Jamison: I really had a vision for a book that would… It was a sort of structural vision for a book that would bring my own story, the story of my drinking and recovery, kind of into conversation with the stories of others, so both writers and artists who were inside of addiction and then tried to get sober or did get sober, and then the stories of other people that I encountered more as a journalist. I wanted to create a book that worked, in a certain way, like a recovery meeting, where you’re hearing all of these stories and that, as the kind of puppeteer behind the scenes, that I could create resonances between all those stories through the ways that I juxtaposed them and spliced them together. But there were certainly driving questions that were motivating, “Okay, why am I bringing all of these stories into chorus?” And some of those questions were, “What does the experience of addiction feel like? What is that paradox of continuing to come back to the thing that’s harming you? What does that paradox feel like from the inside?”

Books like Leslie Jamison’s are not written, she suggests, out of a desire for readerly redemption, but from a desire to explore and interrogate the things that torment us all.

Jamison: I very much believe in a kind of writing that is willing to show the imperfect writer, the imperfect person who lived the experiences, but isn’t necessarily looking for something back from the reader, isn’t necessarily looking for sympathy, or looking for absolution, or all of those things.

Married to the writer Charles Bock, a stepmother to Lily, and now the mother of a baby girl, Jamison will always, she says, look to stories as common ground, as a way for strangers to speak to one another from the depths of private pain. About her own work, she remains necessarily humble. About her life, she remains on guard.

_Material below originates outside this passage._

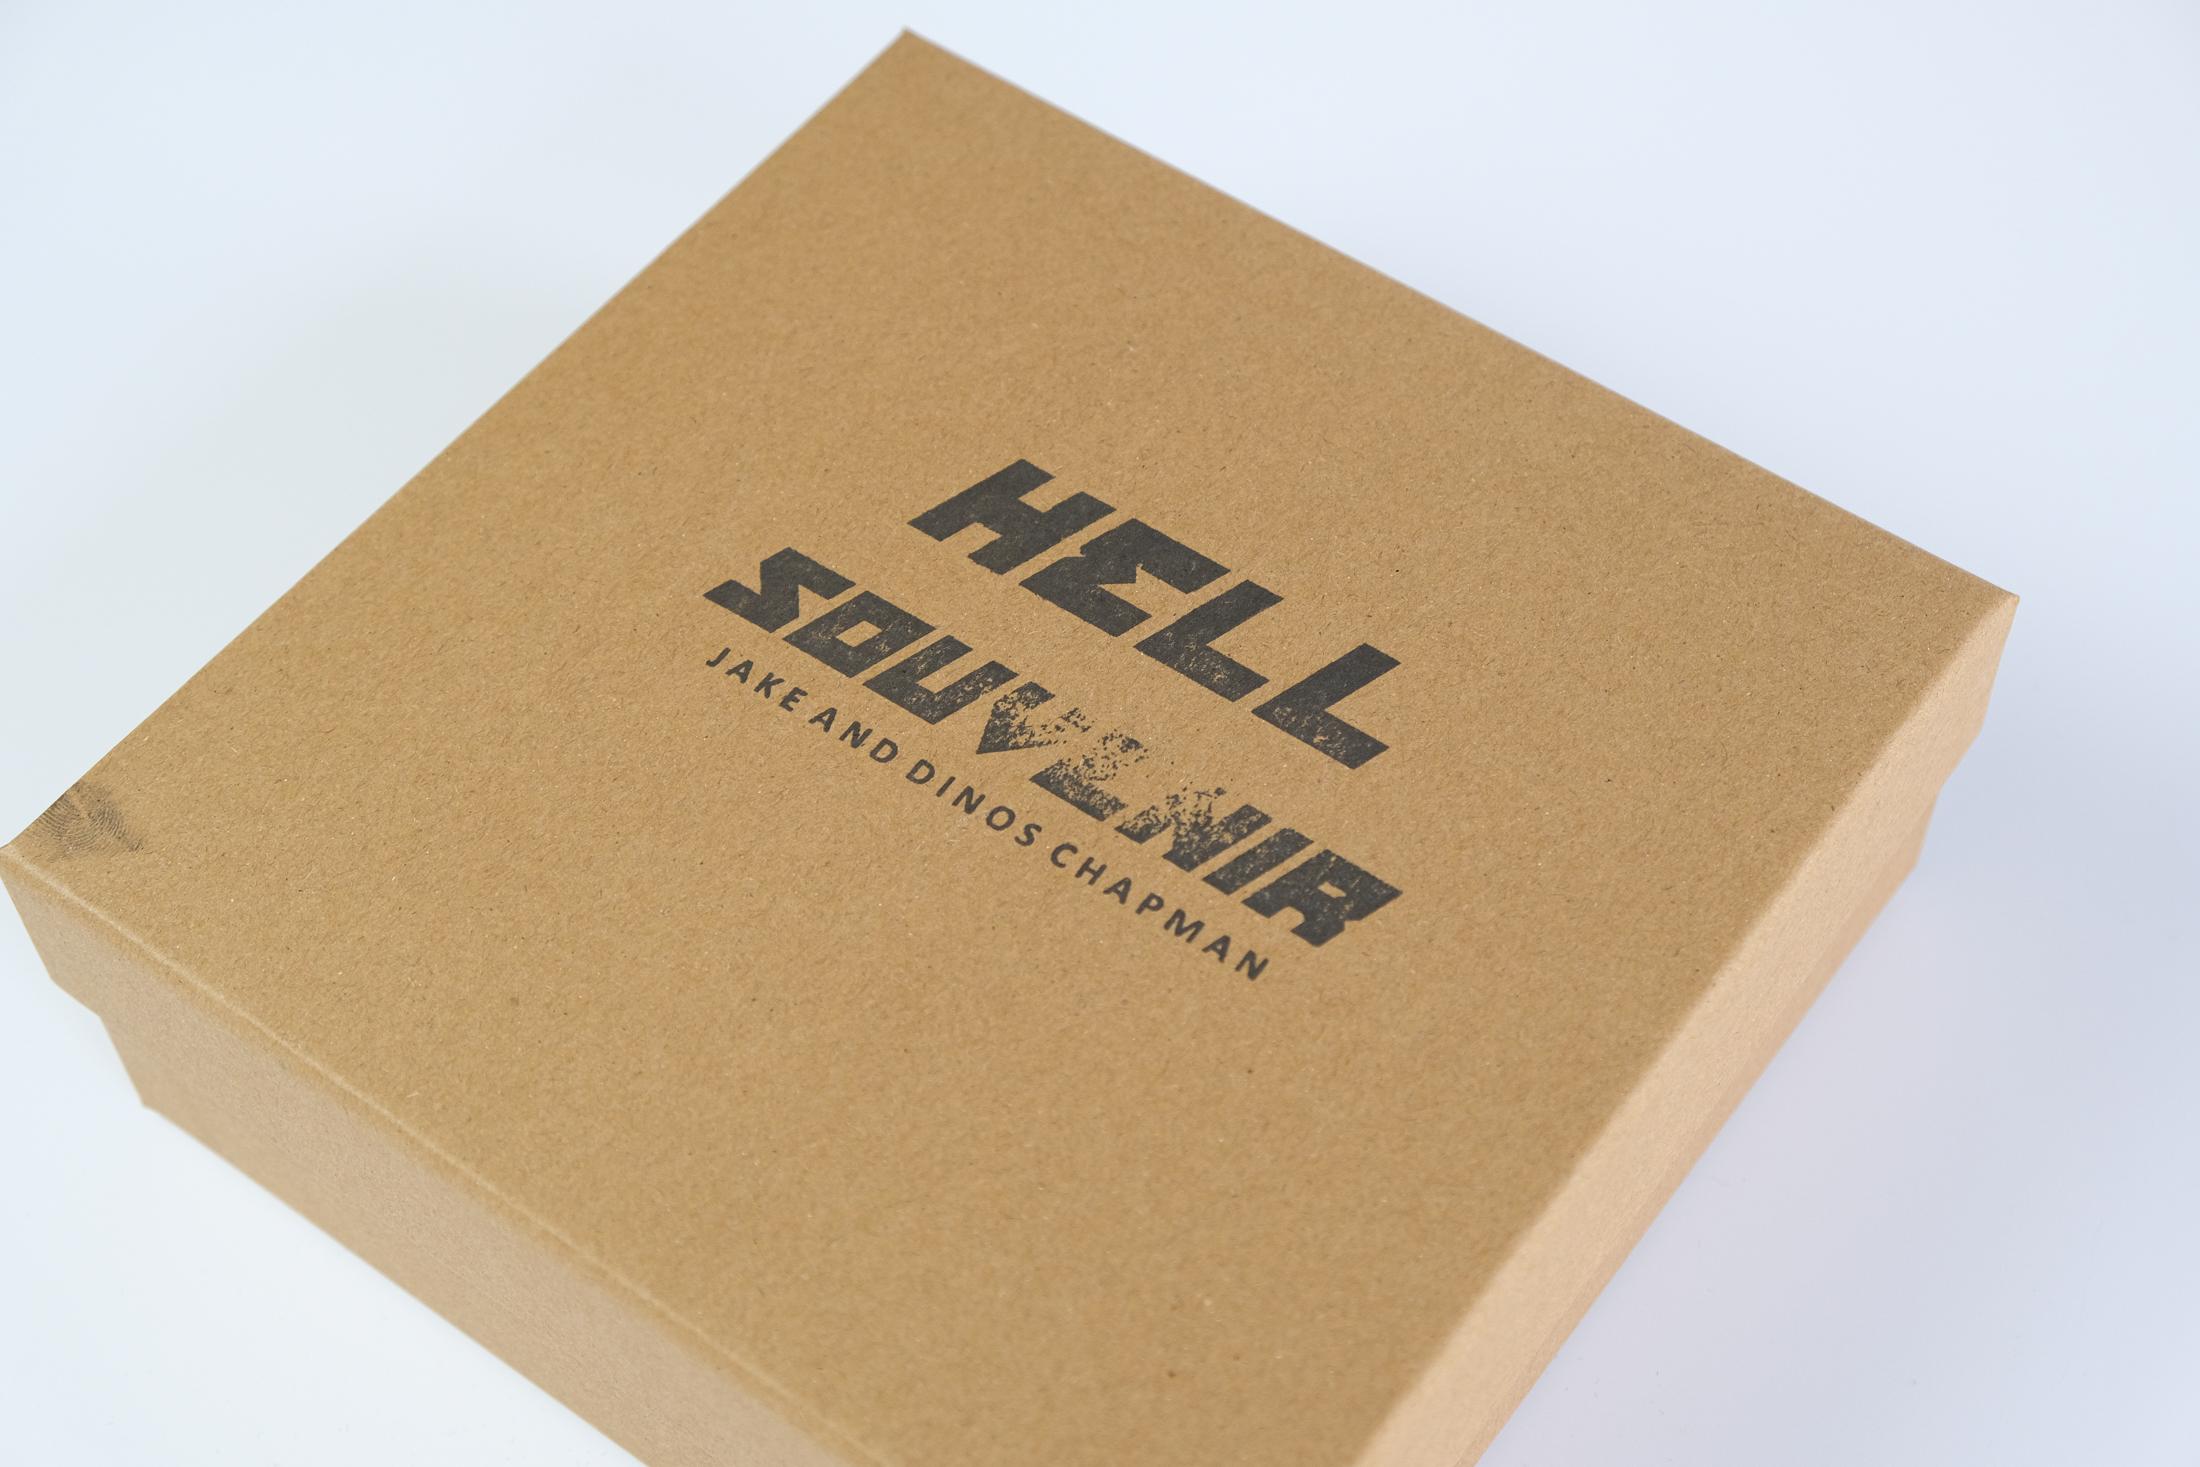 'Hell Souvenir' figures By Jake and Dinos Chapman, 2022 For Sale 8

AJC: You feel confident about recovery now?

Jamison: I mean, I guess I feel in a pretty solid place, partially because I’ve just gotten really used to living without drinking. But I really do try to stay humble and uncertain about it, not because I think I’m going to wake up tomorrow and drink, but just because I never understand that that possibility is off the table. I think there’s something… Or I want to stay sort of vigilant against the parts of me that I think are still in there, that will always crave some version of that relief. I mean, I craved it for a reason, and there’s still a self in there that could crave it again.

Over the years, he’s worked as an actor, a writer, director, and musician. But at heart, Josh Radnor says he just feels like a storyteller.

Josh Radnor: It’s the only thing that really lights me up, you know? And I can do it in eight different ways, but I want to stay creative my whole life.

For 208 episodes, he was Ted Mosby, protagonist of CBS’s international smash-hit sitcom, How I Met Your Mother. The show ended in 2014.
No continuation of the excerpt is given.